DC-DC power converters [1,2,3,4,5] are widely used modules in fields such as consumer electronics and automotive electronics. Strong noise can be observed at frequencies of up to hundreds of MHz due to their fast switching nature, resulting in intolerable interference. With the evolution of wide bandgap devices, switching frequencies have been pushed higher, and more severe electromagnetic compatibility problems have arisen [3,4,6]. To predict and optimize the common-mode (CM) noise generated by power converters, extensive studies have been performed using methods such as hybrid modeling, terminal modeling, and substitution modeling.

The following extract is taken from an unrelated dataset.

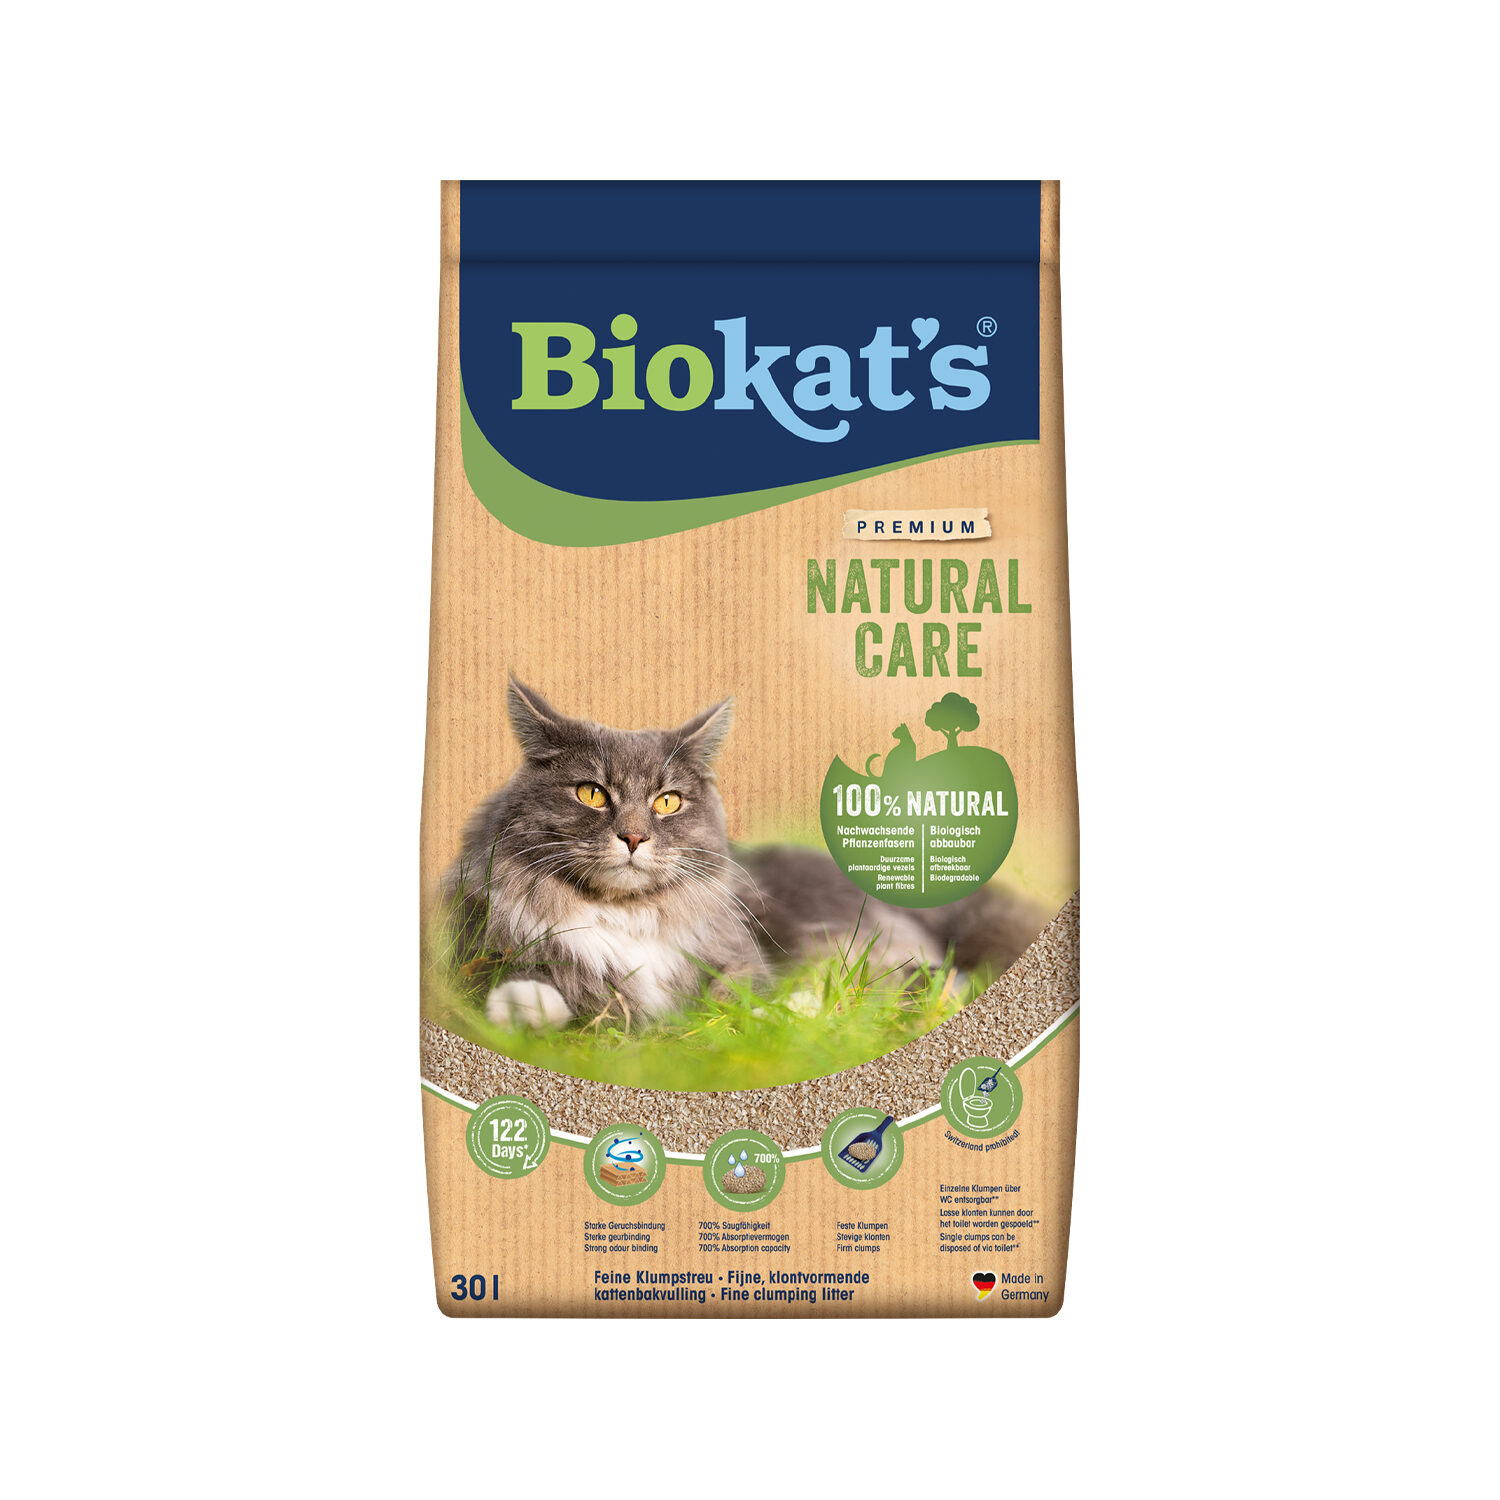 Biokat’s Natural Care - 30 l

Co-simulations of full-wave structures and circuit-level components are utilized in the hybrid modeling method [7,8,9,10]. This technique can be used to analyze the complex interactive behaviors between different structures and components, e.g., the response of the package structure of an IGBT module to CM noise [8]. Although this method provides flexibility for investigating the influence of each component, the method is extremely computationally expensive, requiring a duration of weeks for a single simulation case. In addition, accurate circuit models for semiconductor devices are typically not available. In common practice, SPICE-like behavior models are used to describe the electrical characteristics of MOSFETs or diodes, which limits the usable range of the model to tens of MHz or even lower [9,10].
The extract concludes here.